A training apparatus for physical exercise, injury functional recovery training and increased balance, wherein the apparatus is designed as a stationary exercise bicycle and is configured to be supported on the floor And a second frame tiltable with respect to the first frame, wherein the second frame is tiltable laterally with respect to an axis along the length of the frames. In the training apparatus, the second frame includes a steering device having a means for controlling the tilting motion of the second frame and a handle bar.
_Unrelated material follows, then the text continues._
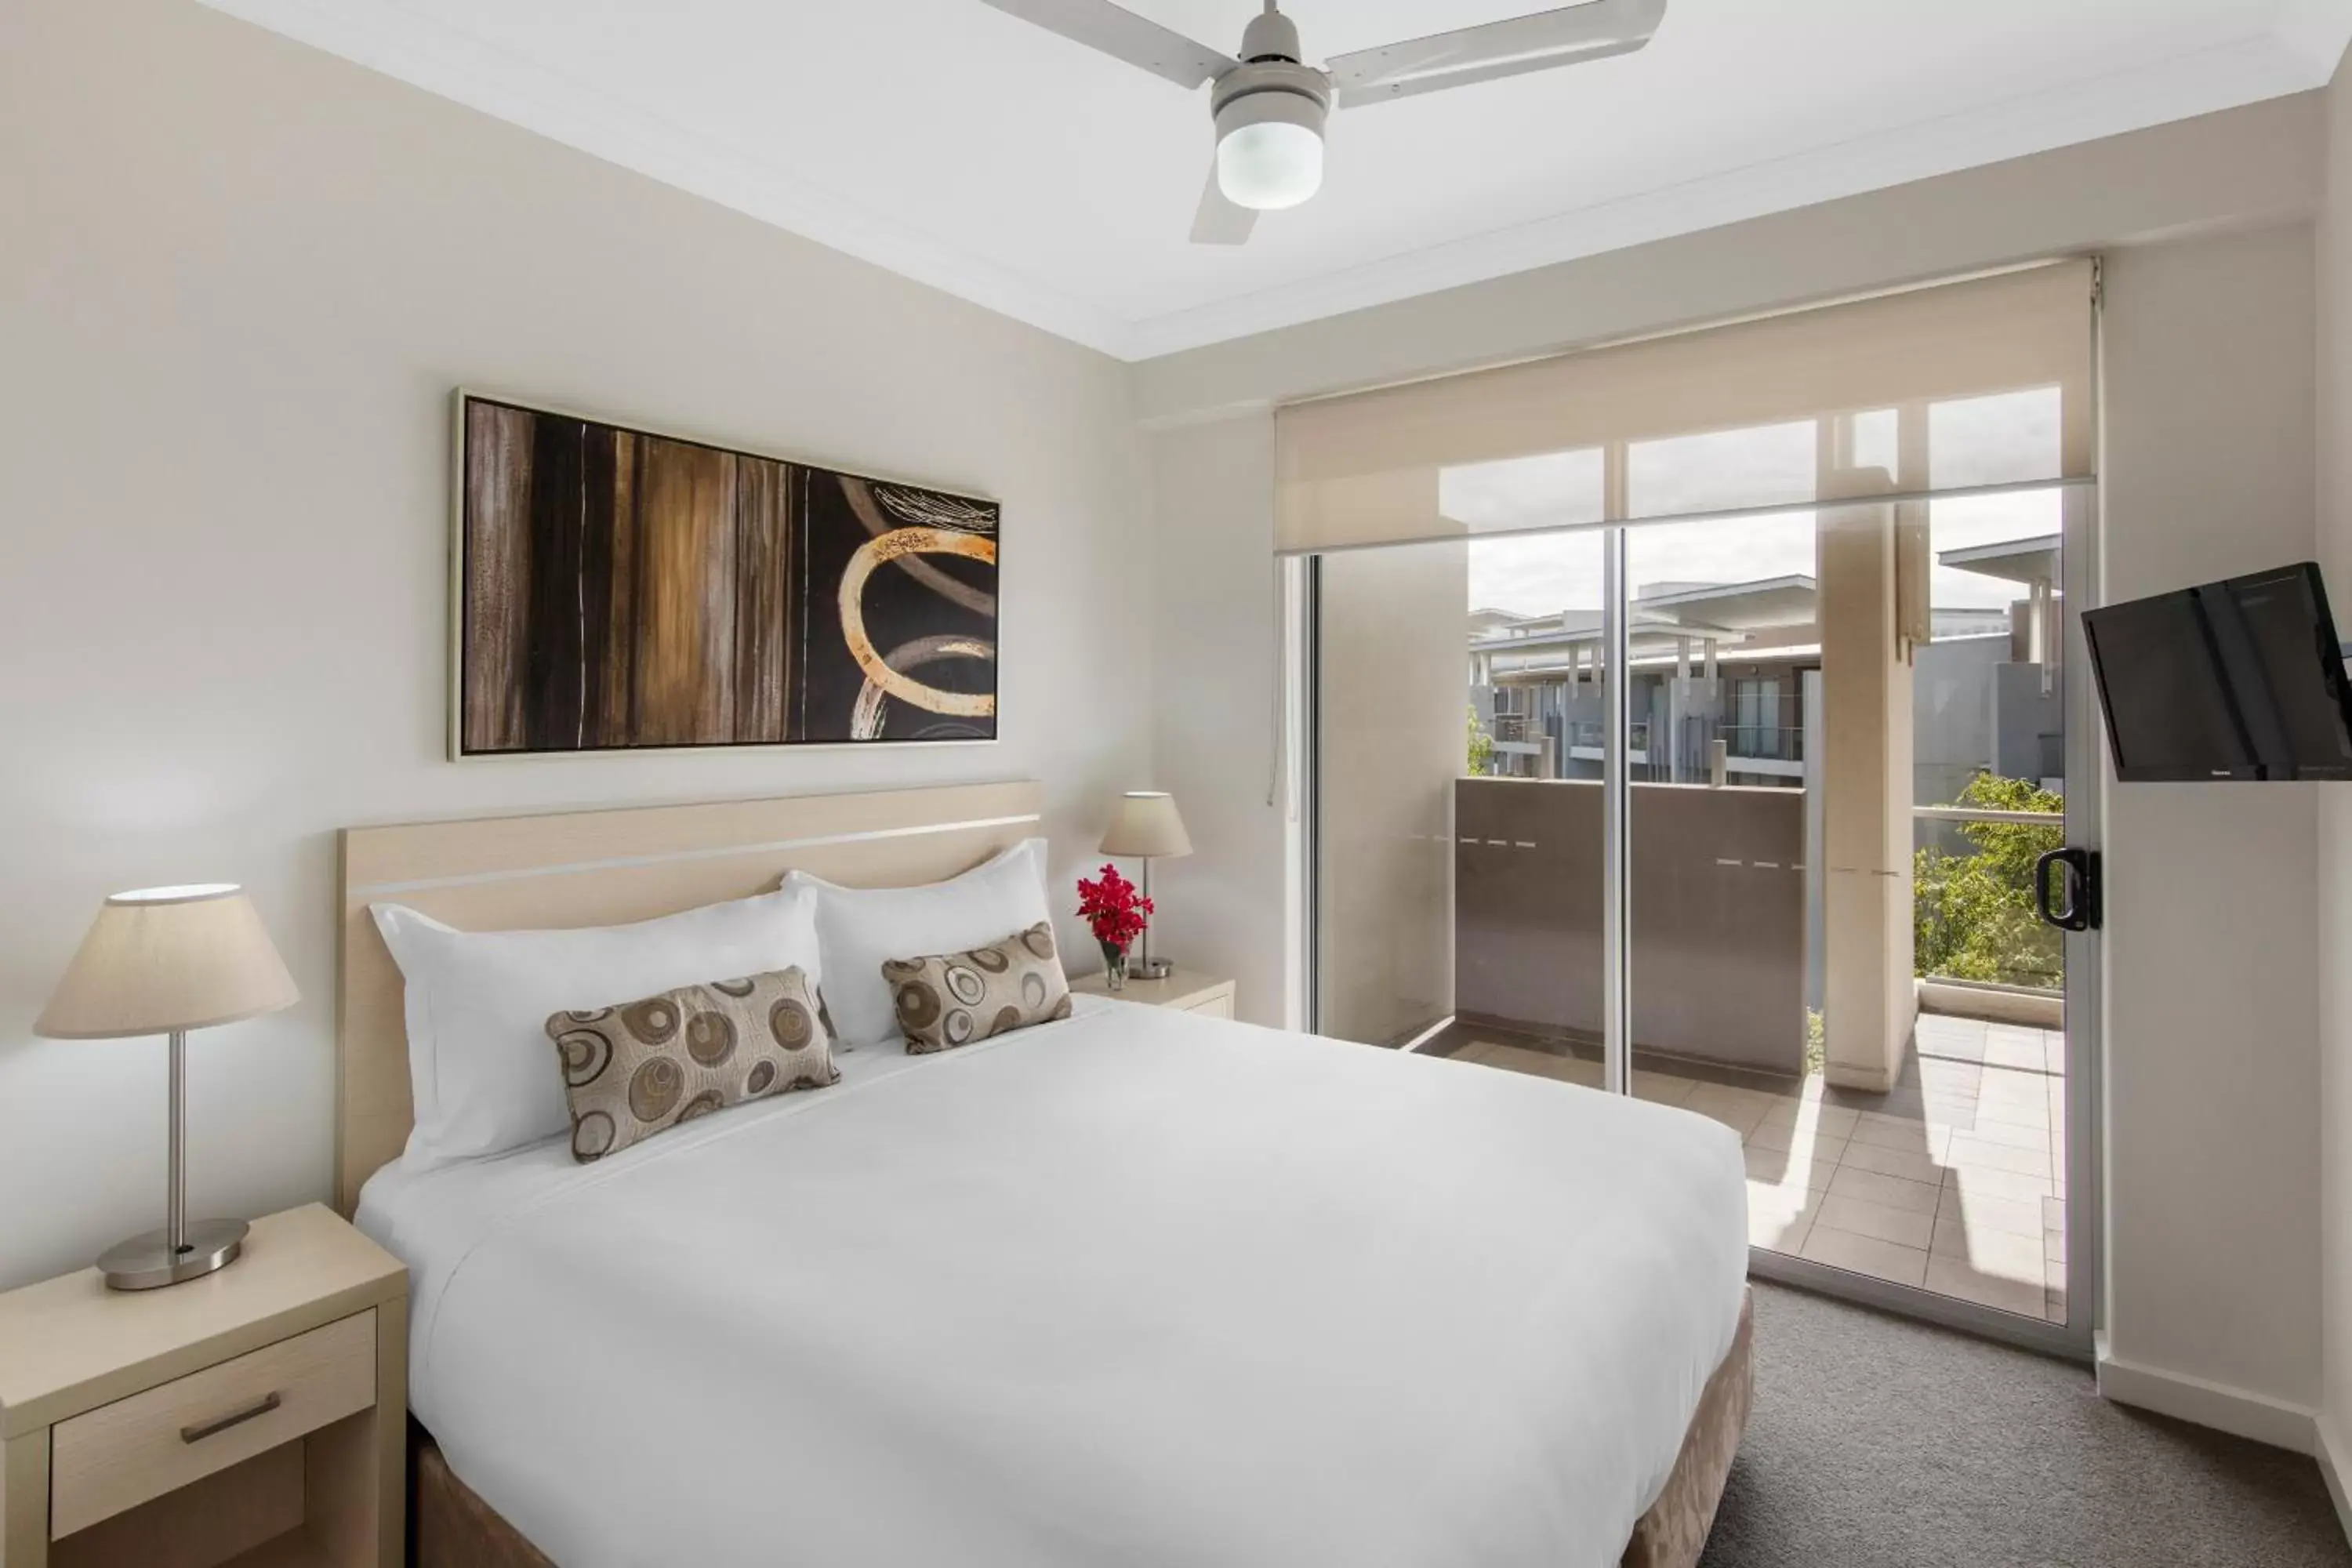 Bedroom, Room Photo in Oaks Brisbane Mews Suites

A first front portion of the frame is secured by a horizontal transverse member, the member contacting a portion of the steering device at each end portion, and a horizontally oriented spring disposed off the center of the pivot shaft. A training apparatus, characterized in that the steering apparatus can be rotated with respect to the first and second frames.   The tilting of the upper second frame in the first direction twists the steering device in the same direction as the tilting action to provide resistance in the spring as described above, or The training device of claim 1, wherein one of the springs is shortened and the opposite spring is stretched to a position and / or a point that is forced back in a direction opposite to the first direction. A training device for physical exercise, injury prevention exercise and functional recovery exercise, and increased balance sensation, wherein the device is designed as a stationary exercise bicycle and is configured to be supported on the floor 1 stable frame and a second frame tiltable with respect to the first frame, wherein the second frame is tiltable laterally with respect to an axis along the length of both frames. In the training apparatus, the second frame includes a steering device having a means for controlling the tilting motion of the second frame and a handle bar.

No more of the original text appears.